“Ada titipan buat kamu,” mama menyesap kopinya. Di meja sudah tersaji dua piring nasi goreng dan segelas susu untukku. “Mama taruh disitu.” Mama menunjuk meja kecil di sudut dengan gerakan kepalanya.
“Dari siapa, Ma?”
“Ray,” jawab mama tanpa melihatku. “Pagi-pagi tadi dia kesini. Cuma nitip itu lalu pamitan.”
“Ray nggak nanyain aku?” Aku berharap dia masih peduli padaku meskipun hubungan kami sedang bermasalah. Aku mendesah kecewa melihat mama menggeleng.
“Dia langsung pergi. Kayaknya buru-buru banget.”
Aku menatap sarapanku dengan tidak berselera. Perutku tiba-tiba kenyang meskipun belum ada satu pun makanan yang masuk, hanya segelas air putih hangat setelah bangun tidur tadi. Ternyata mendengar berita yang tidak sesuai harapan membuat selera makanku langsung melorot ke dasar. Padahal aku sudah membayangkan betapa nikmatnya nasi goreng hangat dengan asap yang masih mengepul masuk ke lambungku. Bau yang tercium dari dalam kamarku sempat membuat perutku melakukan protes. Tapi keadaannya menjadi berbeda setelah tiba di meja makan dan mendengar kabar yang mengecewakan.
“Cepat sarapan, gih. Ntar kamu telat, lho.” Mama menunjuk piringku yang masih belum aku sentuh. “Mama berangkat dulu, ya? Jangan lupa kunci pintu.”
Aku mengangguk.
“Habisin,” mama menunjuk piringku lagi sebelum pergi. “Ntar ayam tetangga banyak yang mati gara-gara kamu suka nyisain makanan. Kasihan.”
“Tetangga kita mana ada yang piara ayam,” aku memasang wajah cemberut. Mama tertawa lantas mengusap kepalaku.
Ajak teman teman-teman kamu. Cuma itu yang tertulis di selembar kertas yang dia sertakan di amplop bersama lima lembar tiket. Tidak ada kalimat lain yang dia tulis sebagai pemanis. Mengingat apa yang terjadi diantara kami akhir-akhir ini, apa masih boleh kalau aku merasa kecewa?
“Nah, selamat liburan.” Pak Mus menutup buku absensi. “Tetap jaga kesehatan kalian. Tetap semangat. Kita jumpa lagi semester depan dengan semangat baru.”

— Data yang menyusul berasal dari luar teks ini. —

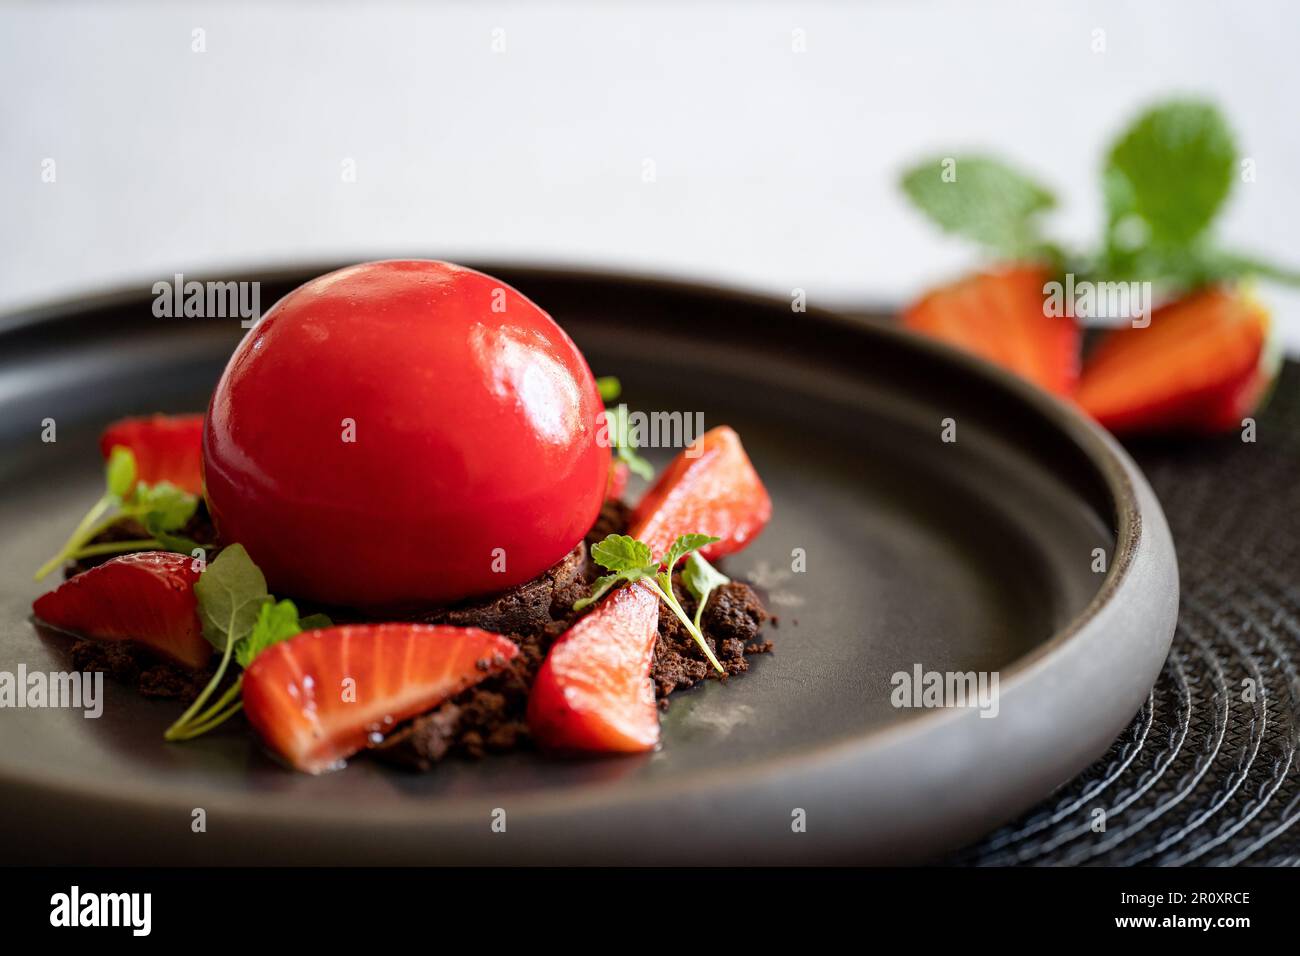 Selektivfokus eines kugelförmigen Bruchkuchens mit Erdbeeren und Brownie. Dessert mit glatten Oberflächen und Spiegelglasur. Rotes Dessert auf dem schwarzen Teller. Stockfoto

Ya, mulai besok libur semester dimulai. Mungkin aku akan melewati liburan semester ini dengan mengurung diri di rumah. Dan baru keluar kalau Sesil atau Amanda bermurah hati mengajakku jalan-jalan. Sama seperti liburan sebelumnya, tidak banyak yang aku kerjakan selain marathon drama korea sampai mengantuk.
Kami sempat merencanakan liburan setelah konsernya selesai. Rayhan ada waktu lowong beberapa hari, dan kami berencana menghabiskan waktu bersama. Sesuatu yang jarang kami lakukan. Bahkan hampir tidak pernah. Tapi ternyata ceritanya menjadi lain setelah liburan semester tiba. Liburan dengan Rayhan hanya tinggal wacana.

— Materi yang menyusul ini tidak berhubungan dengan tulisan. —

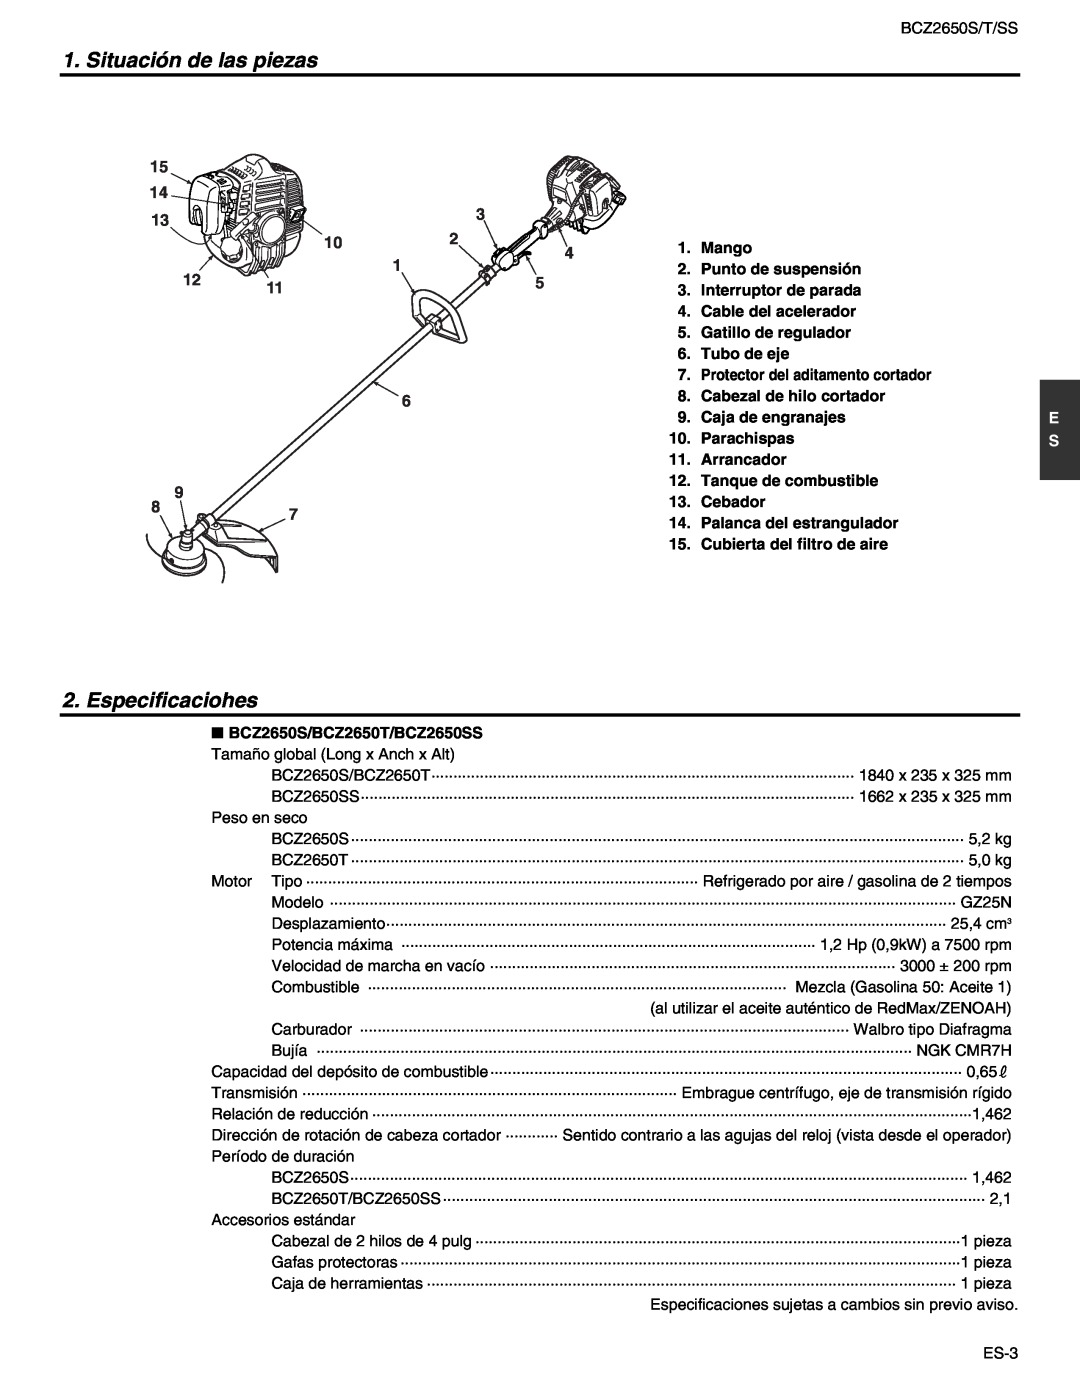 RedMax BCZ2650T, BCZ2650SS manual Situación de las piezas, Especificaciohes

“Oh ya, Bapak lupa. Bagi kalian yang di raport kepribadian ada pelanggaran, jangan lupa untuk minta tanda tangan orang tua. Bapak tidak menerima alasan apapun. Oke!” Sambung Pak Mus yang segera mendapat sorakan dari anak-anak. “Tetap jaga kesehatan. Sampai jumpa di semester depan.”

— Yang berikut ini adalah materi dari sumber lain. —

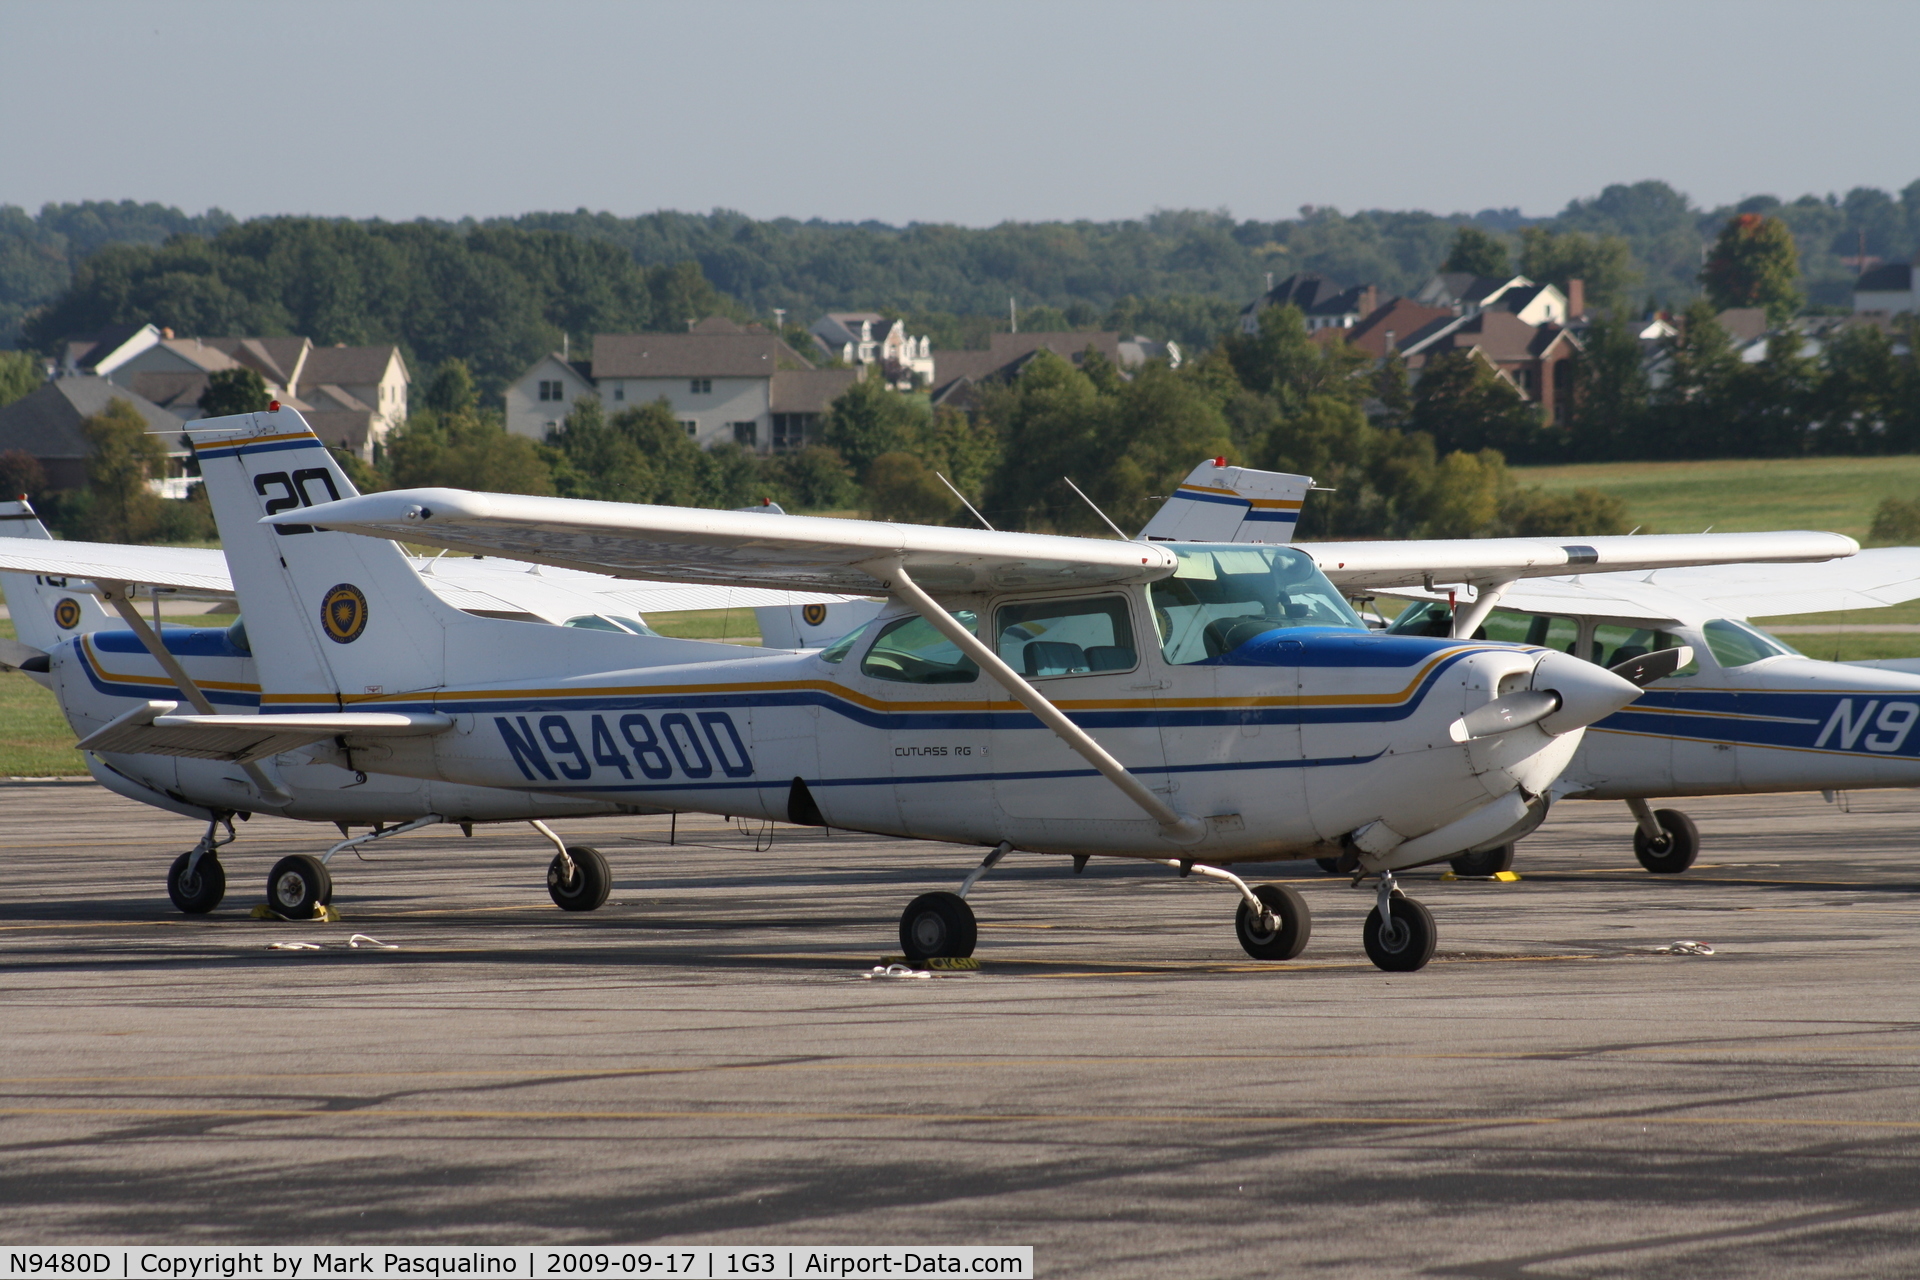 N9480D, 1985 Cessna 172RG Cutlass RG C/N 172RG1180, Cessna 172RG

“Gimana, nih? Kita beneran nggak datang ke konser perdana Blue, ya?” Sesil mendesah sebal setelah Pak Mus meninggalkan kelas. “Kita nggak kebagian tiketnya.”
Aku menyodorkan amplop ke depan Sesil.
“Ini apa?” dia melongo.
“Tiket konser Blue. Buat kalian,” aku menjawab.
Sesil spontan membelalak. “Beneran?”
Aku mengangguk yang lantas disambut teriakan gembira mereka berempat.
“Gue bilang juga apa?” Yoshua menyambar amplop yang kutaruh di bangku Sesil. “Lo nggak percaya Tita, sih.”
“Habisnya Tita bilang lupa nggak ngomong ke Rayhan waktu itu.” Senyum Sesil melebar.
“Nggak mungkin Ray nggak kasih Tita tiket,” Amanda merangkul lenganku. “Ya kan, Ta?”
Aku hanya mengangguk saja.
“Cuma empat?” seru Yoshua setelah mengeluarkan isi dalam amplop.
“Gue udah ambil satu, kok,” aku memberi tahu mereka.